Bishop Robert Barron
Diocese of Winona-Rochester

 


[1] “[R]egarding abortion, the point when human life begins is not a religious belief but a scientific fact -- a fact on which there is clear agreement even among leading abortion advocates. Second, the sanctity of human life is not merely Catholic doctrine but part of humanity's global ethical heritage, and our nation's founding principle.” (USCCB, “Living the Gospel of Life,” 23).

[2] Mark Pattison, “Pope Francis ‘has our backs’ on pro-life cause, says archbishop,” Catholic News Service, Jan. 24, 2020, available at https://catholicnews.com/pope-francis-has-our-backs-on-pro-life-cause-says-archbishop/.

[3] We understand that sometimes pregnancy can be the result of sexual coercion and rape. These are difficult situations that require care and sensitivity. We do not condone abortion in these instances, but we recognize that fostering justice may mean society has a special responsibility to care for the mother and child, including economic supports or facilitating adoption. Our parishes will help women in these difficult situations.

[4] Though the overwhelming majority of abortions are procured because the mother does not wish to have a child, almost one in five are reportedly procured specifically due to economic hardship.

[5] See the Minnesota Catholic Conference “Families First Project” (familiesfirstproject.com). Policies such as a permanent state child tax credit are the cornerstone of this initiative.

[6] It should be emphasized that working for policies that promote human flourishing does not absolve anyone from the responsibility of working for an end to the state-sanctioned killing of innocent human life. “[B]eing 'right' in such matters can never excuse a wrong choice regarding direct attacks on innocent human life. Indeed, the failure to protect and defend life in its most vulnerable stages renders suspect any claims to the 'rightness' of positions in other matters affecting the poorest and least powerful of the human community.” (USCCB, “Living the Gospel of Life,” 22).

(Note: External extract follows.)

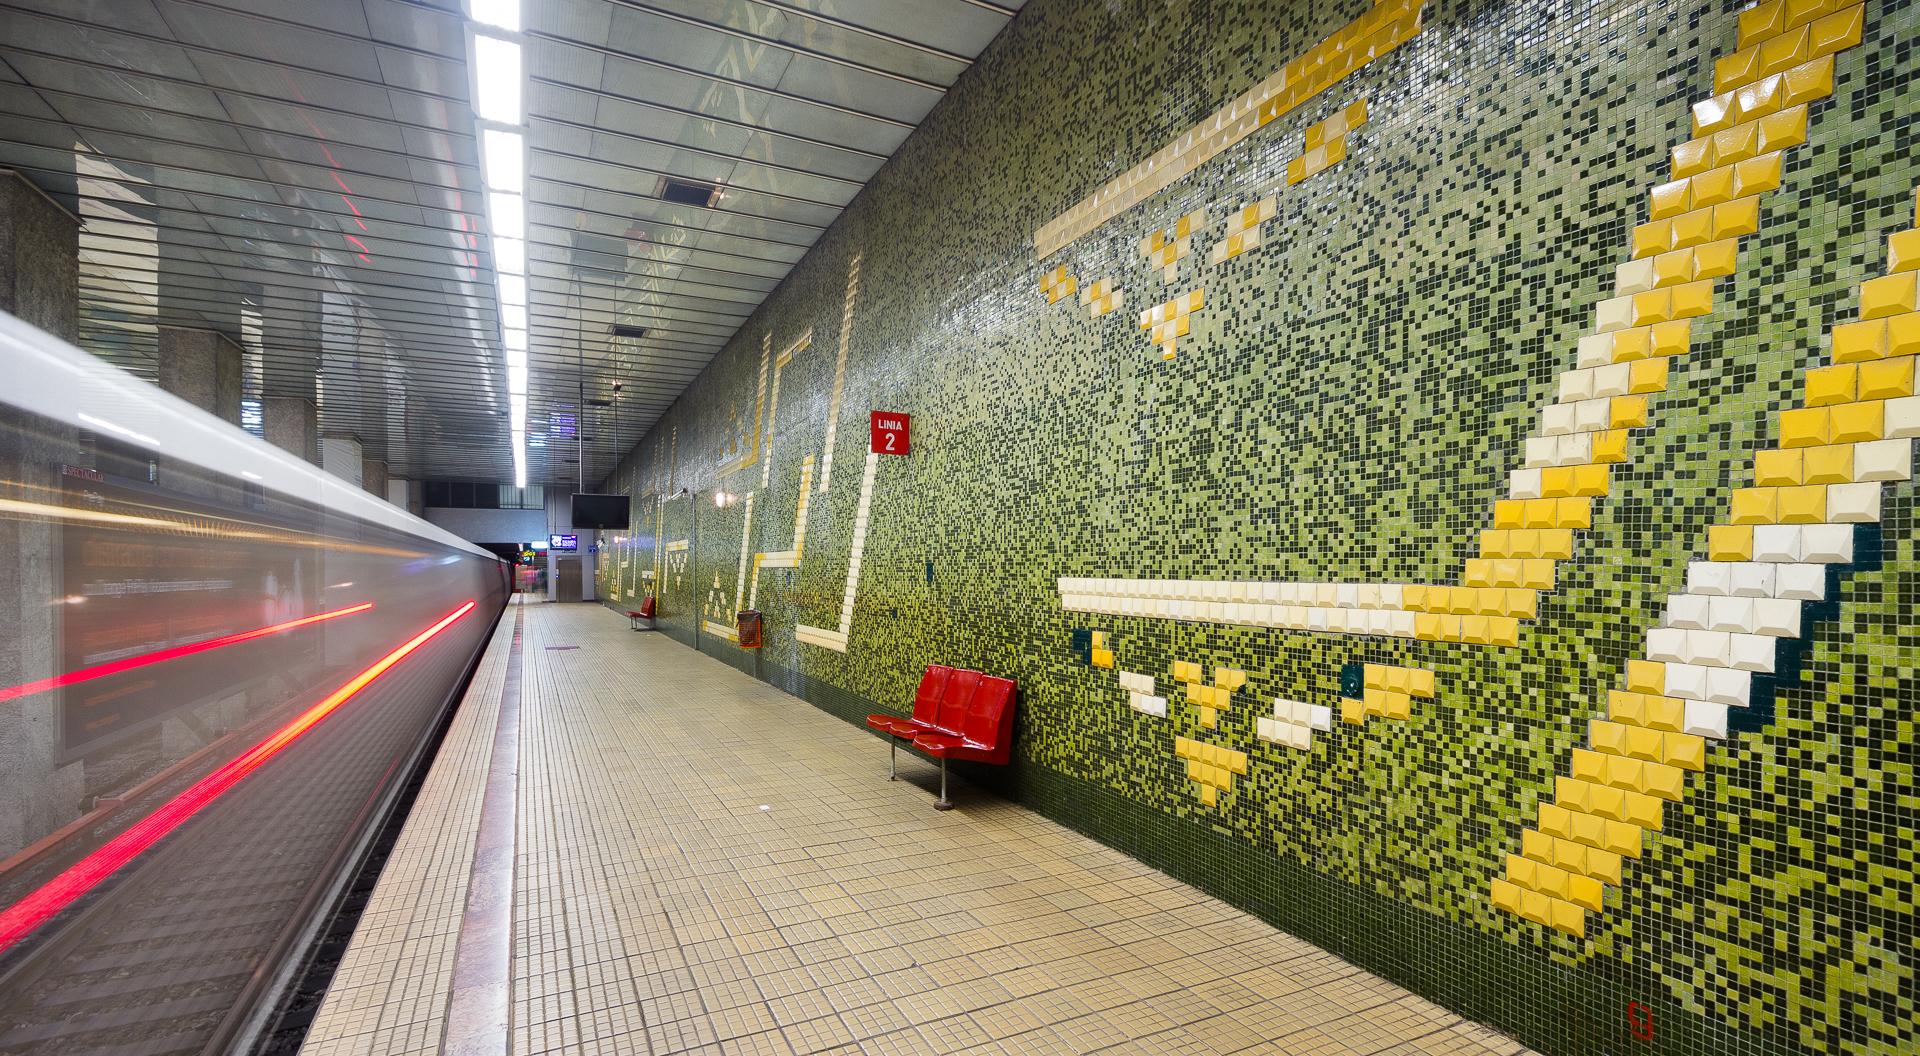 Program xerox metrou grozavesti - program xerox metrou grozavesti windows

[7] “A political commitment to a single isolated aspect of the Church’s social doctrine does not exhaust one’s responsibility towards the common good.” (Congregation for the Doctrine of the Faith, Doctrinal Note on Some Questions Pertaining to the Participation of Catholics in Political Life, 4, 2002).

[8] “Pope speaks to U.S. bishops about pro-life issues, transgender ideology,” Catholic News Service, Jan. 16, 2020, available at https://www.osvnews.com/2020/01/16/pope-speaks-to-u-s-bishops-about-pro-life-issues-transgender-ideology/. (Note Pope Francis’s agreement with U.S. bishops that abortion is a pre-eminent social and political concern).

[9] “[A] well-formed Christian conscience does not permit one to vote for a political program or an individual law which contradicts the fundamental contents of faith and morals.” (Congregation for the Doctrine of the Faith, Doctrinal Note on Some Questions Pertaining to the Participation of Catholics in Political Life, 4, 2002).